Das besetzte Ausland, die zweite große Einnahmequelle, litt
ebenfalls immens unter den deutschen Repressionen. Jedes besetzte
oder "verbündete" Land musste hohe Kriegsbeiträge zahlen,
oft eine Summe, die so hoch war wie der gesamte eigene
Staatshaushalt. Hinzu kamen die Beschlagnahmung von
Wertgegenständen und die Zwangslieferungen von Getreide. Auch
der deutsche Soldat konnte sich die Taschen vollstopfen, da er
aufgrund des manipulativ festgelegten Wechselkurses plötzlich
viel Geld hatte.
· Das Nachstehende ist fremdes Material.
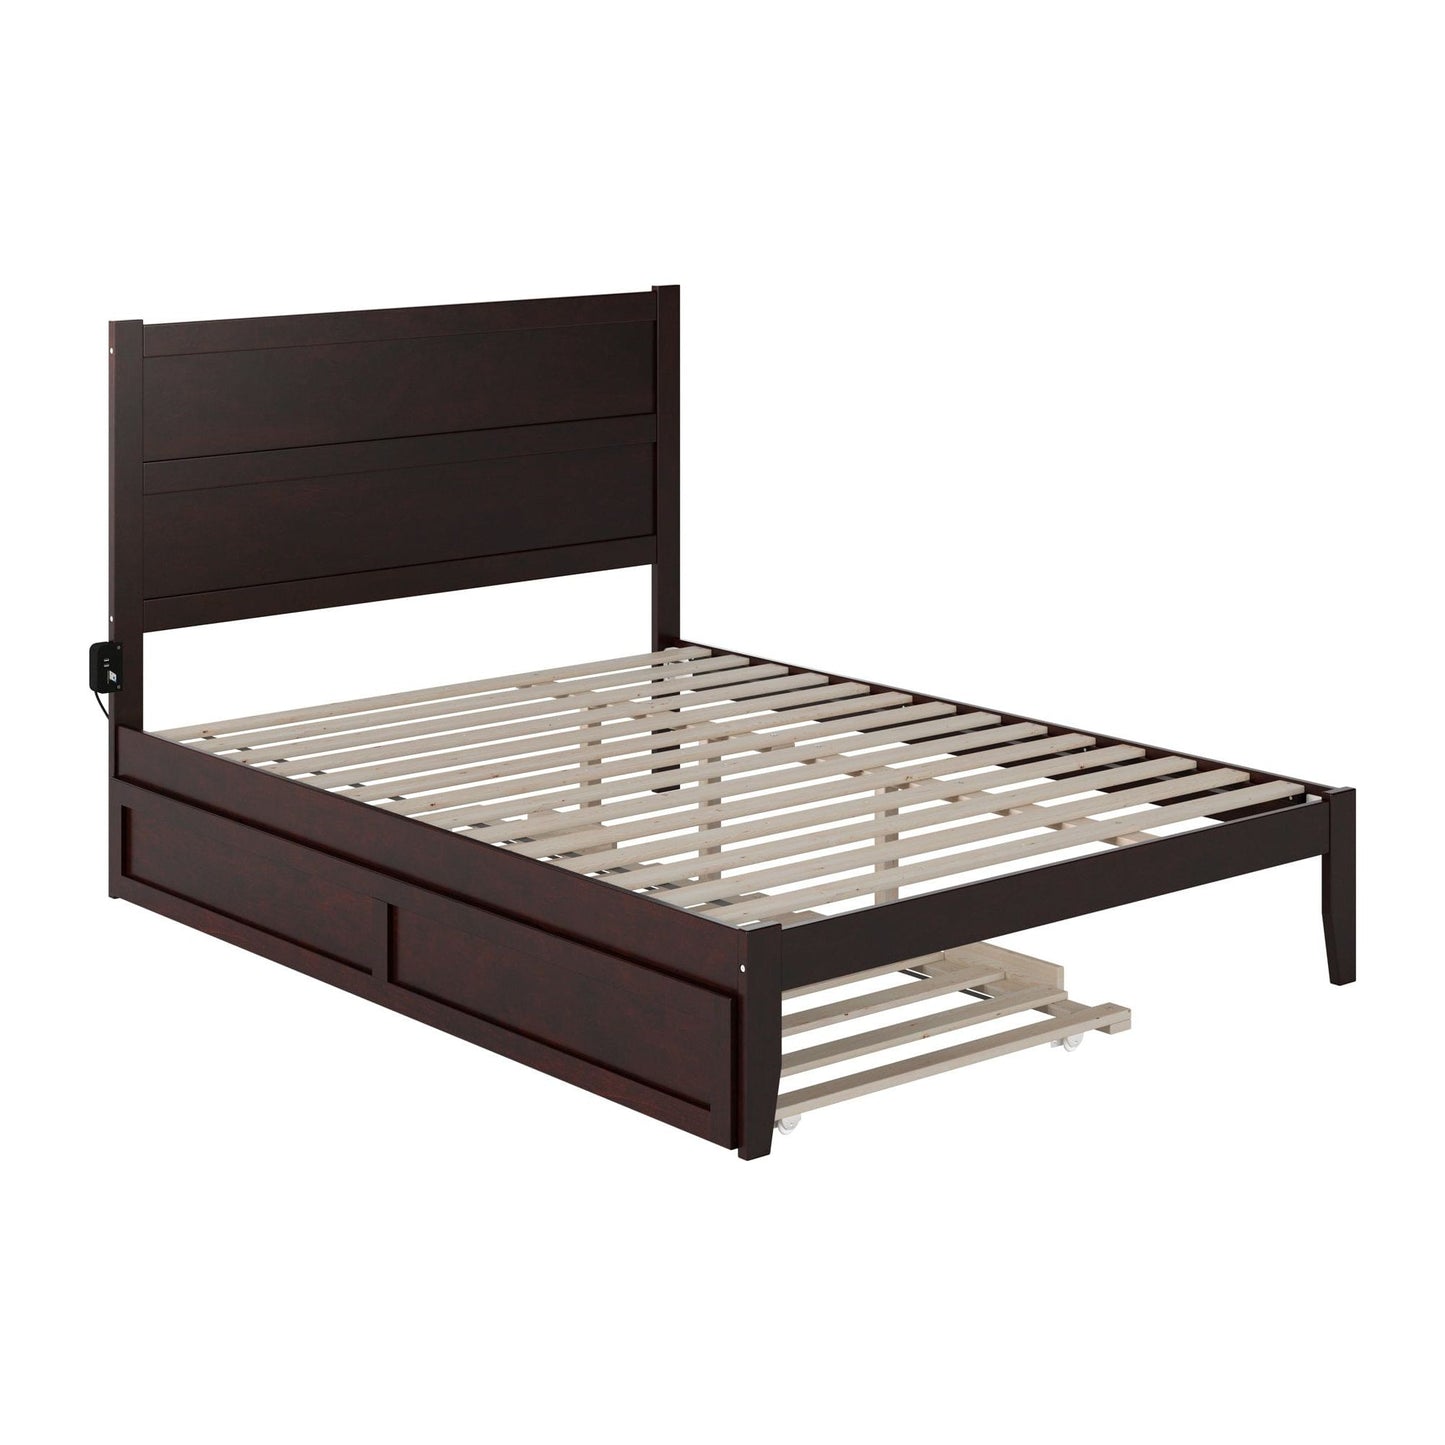 AFI Furnishings NoHo Queen Bed with Twin Extra Long Trundle in Espresso AG9111141

Aly nennt die Soldaten deshalb auch "bewaffnete
Butterfahrer".
Alys Fazit: 70 Prozent "der Gelder, die der Krieg auf deutscher
Seite verschlang", wurden von den besetzten Gebieten und von den
Juden finanziert. Die deutsche Wirtschaft an sich musste nur 30
Prozent aufbringen. Bei den Berechnungen handelt es sich um
komplexe volkswirtschaftliche Erhebungen und
Gegeneinanderstellungen, deren Richtigkeit im Ergebnis bereits in
einem Beitrag des in Cambridge lehrenden Wirtschaftshistorikers J.
Adam Tooze in der "tageszeitung" bezweifelt wurde. An der
Schlagkraft der These Alys, der den Nationalsozialismus als
nationalen Sozialismus erklärt, ändert dies jedoch nur
wenig.
Auch wenn in Alys Buch nicht alles neu ist, versteht er es doch,
aus Geschichten, Beispielen, Erlassen, Gesetzesverordnungen und
Zahlen ein Gesamtbild zu formen und die Frage, wie es Hitler
schaffte, sich die Loyalität der Massen zu sichern, zu einem
Teil zu beantworten. Die ganze Antwort kann sich wahrlich nicht auf
das Monetäre beschränken. Der Rassenhass, der
ideologische Überbau, werden auch durch Alys Buch nicht
kleiner und unbedeutender. Aber Aly hat mit seinem Buch, das
spannend zu lesen ist und nicht nur in der Fachwelt wahrgenommen
werden wird, den gängigen Erklärungsmustern eine wichtige
Interpretation hinzugefügt.
Bibliografischer Hinweis
Götz Aly: Hitlers Volksstaat.
Raub, Rassenkrieg und nationaler Sozialismus.